Exercise goal - With the pictures left out, copy the listing below exactly.

Provided material -
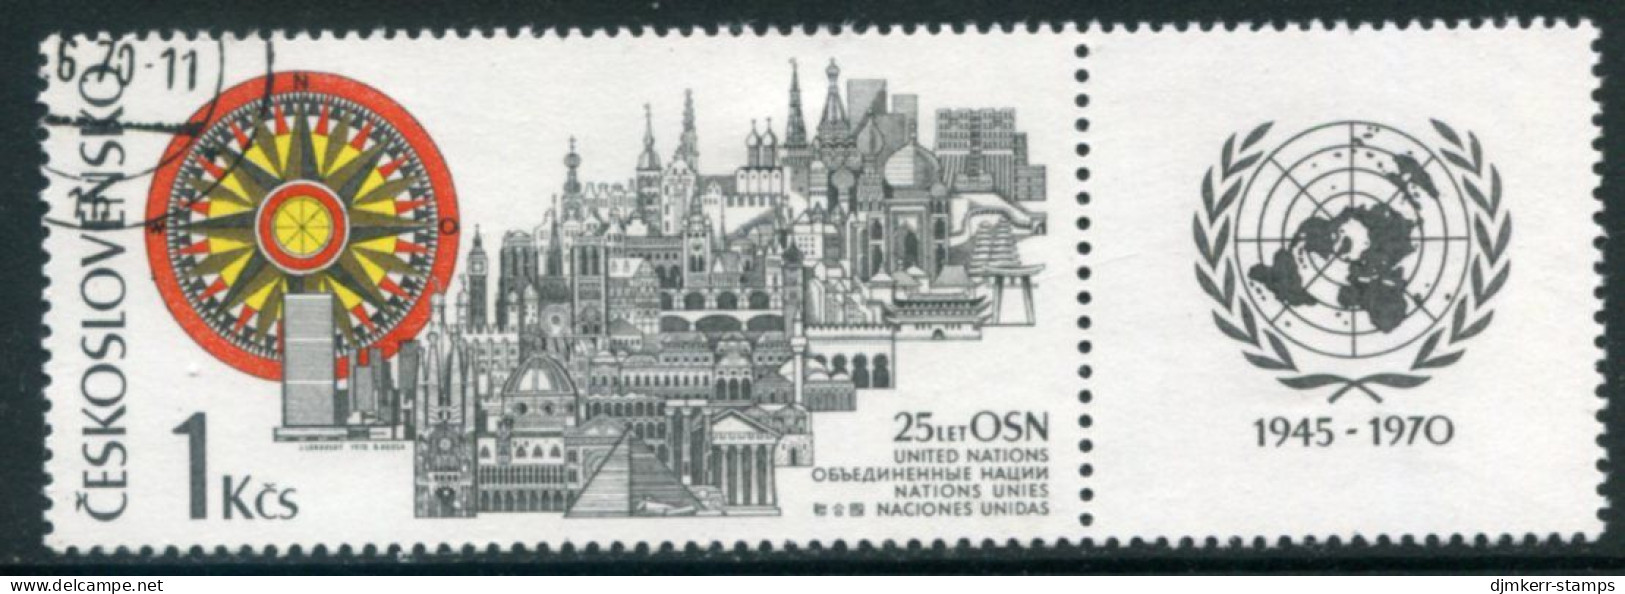 CZECHOSLOVAKIA 1970 UNO 25th Anniversary With Label Used Michel 1945 Zf - Usados
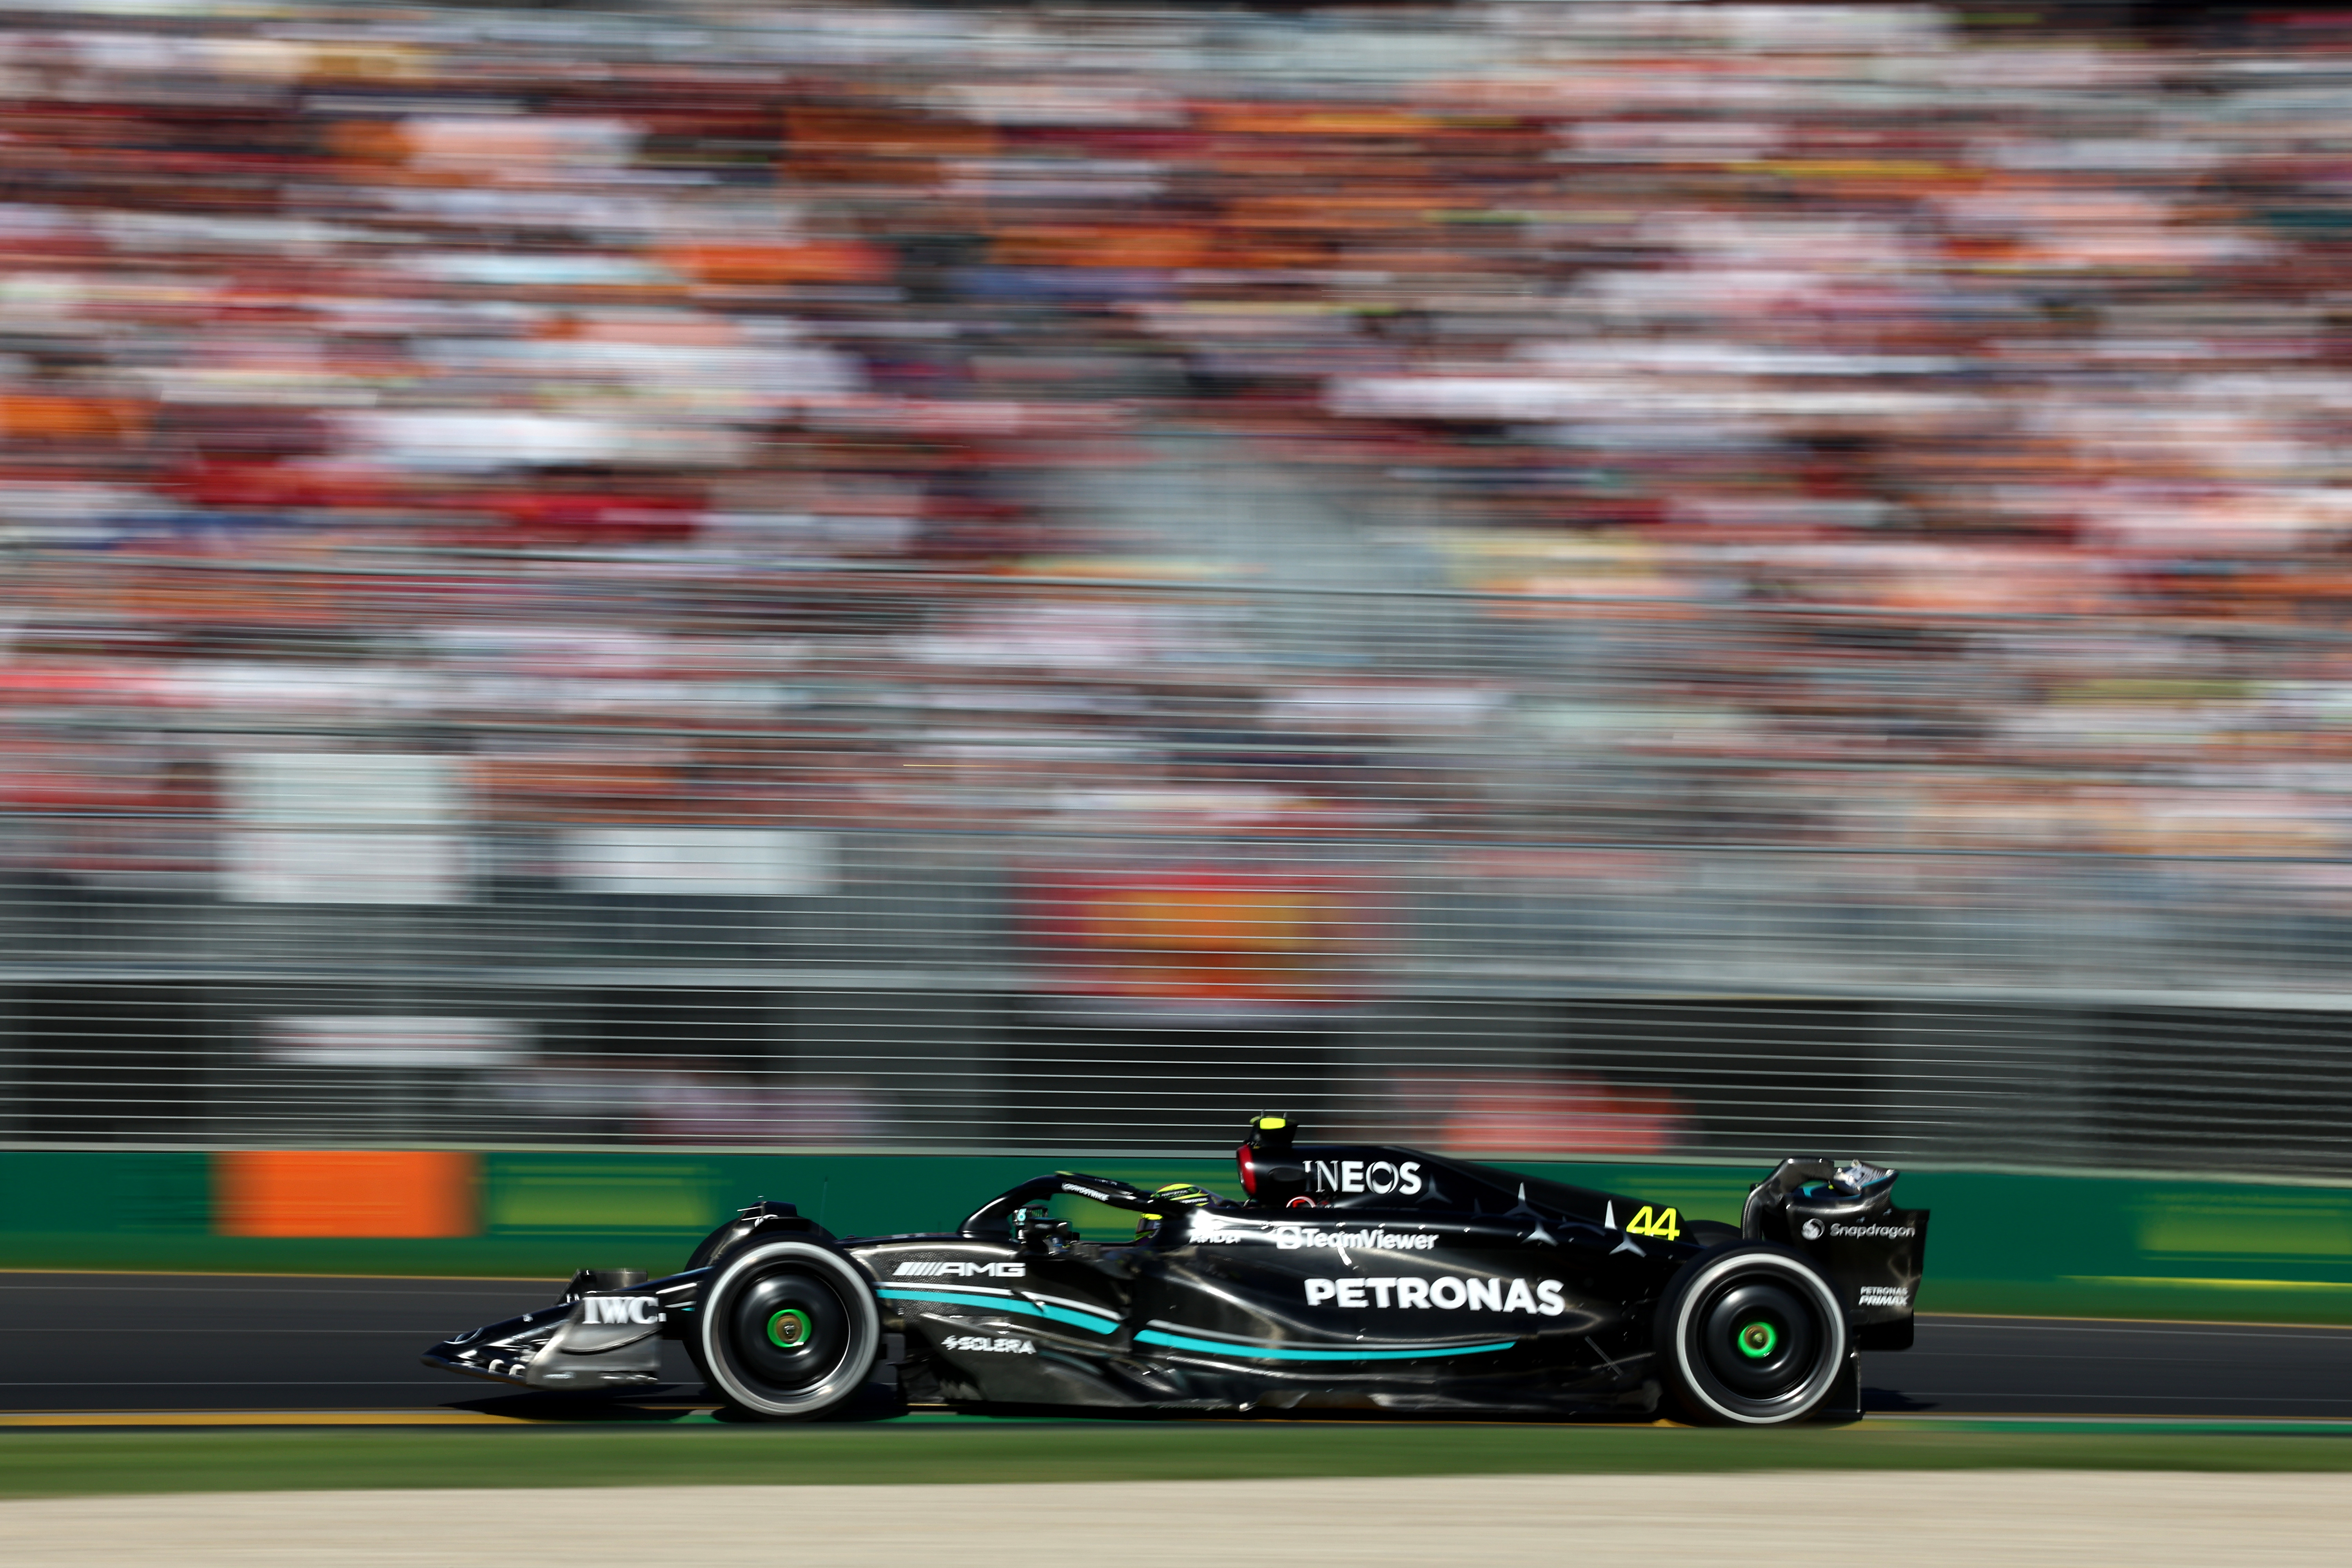 This is how the F1 World Championship is going: The fastest car isn't  dominating
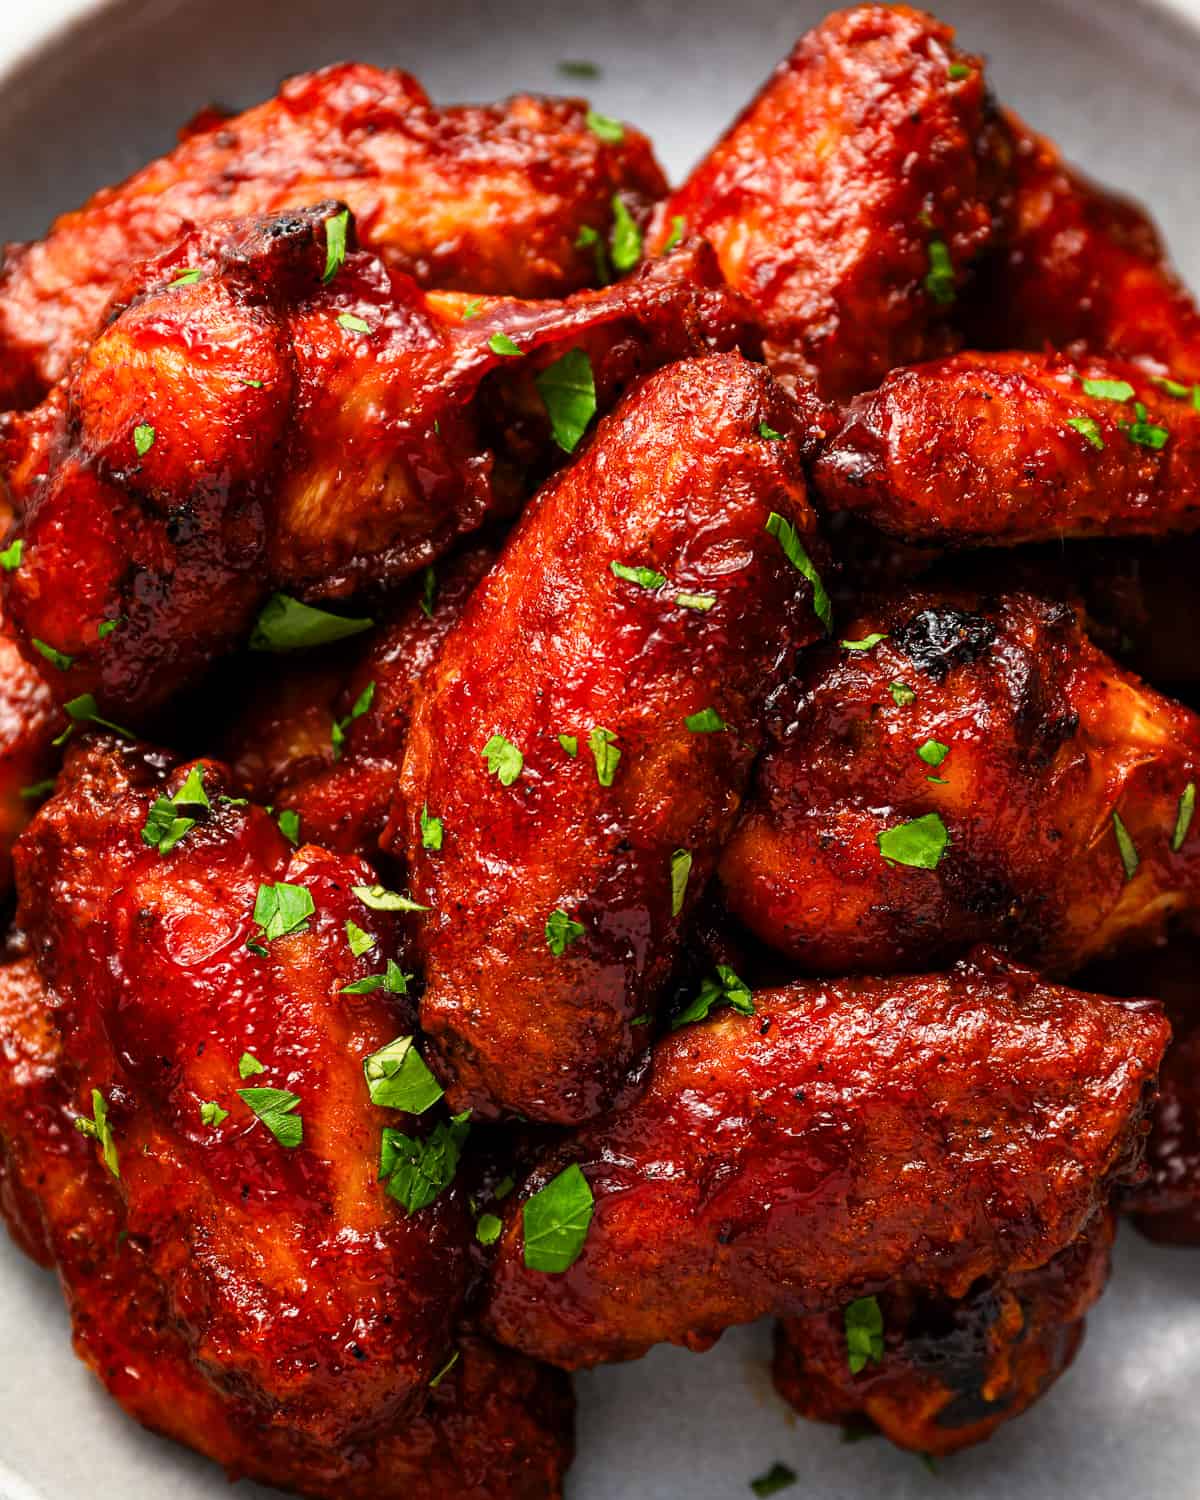 Delicious bbq chicken wings on a plate.
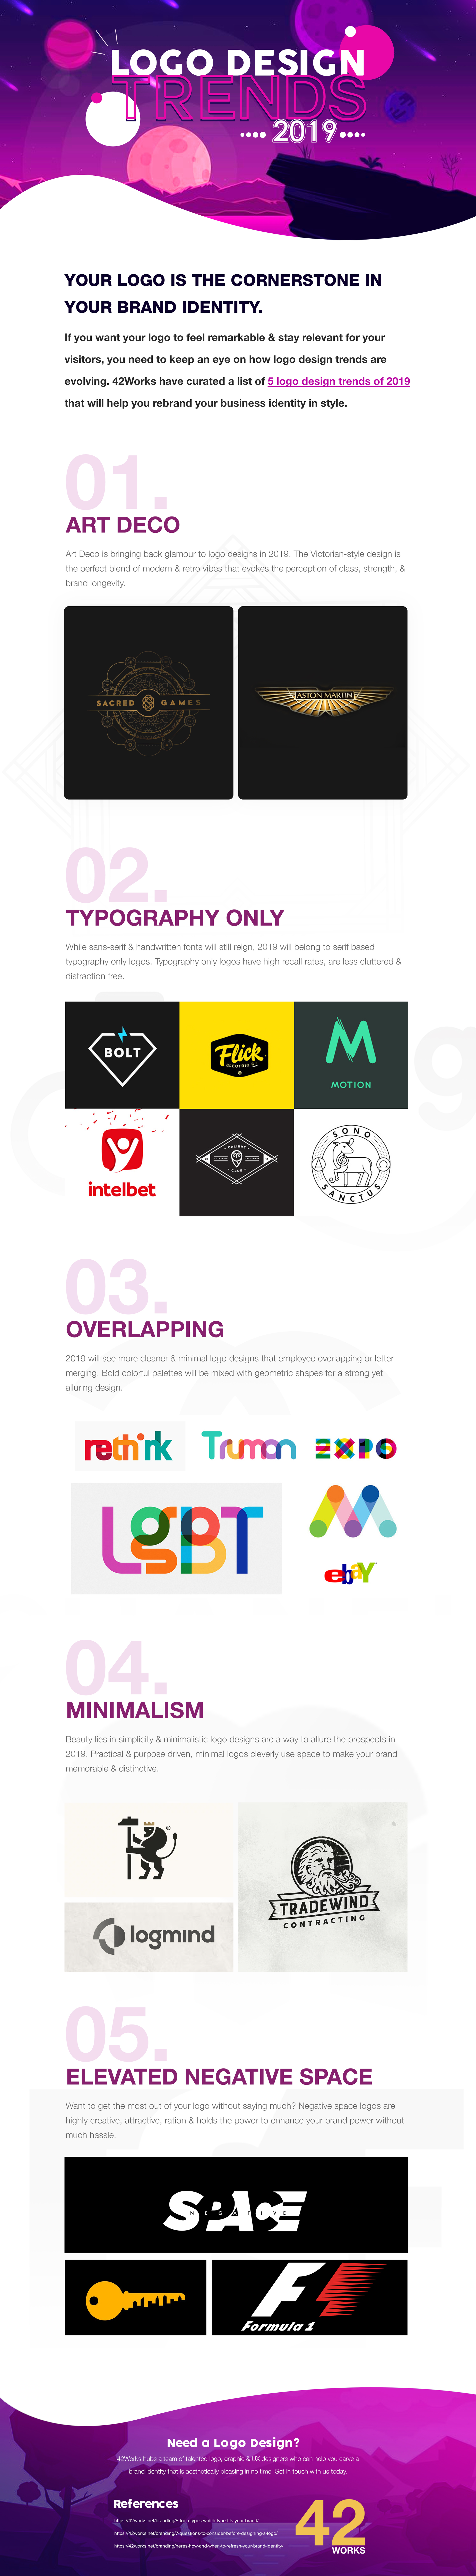 Logo Design Trends 2019 [Infographic] by 42works

Written response -
 CZECHOSLOVAKIA 1970 UNO 25th Anniversary With Label Used Michel 1945 Zf - Usados
 This is how the F1 World Championship is going: The fastest car isn't  dominating
 Delicious bbq chicken wings on a plate.
 Logo Design Trends 2019 [Infographic] by 42works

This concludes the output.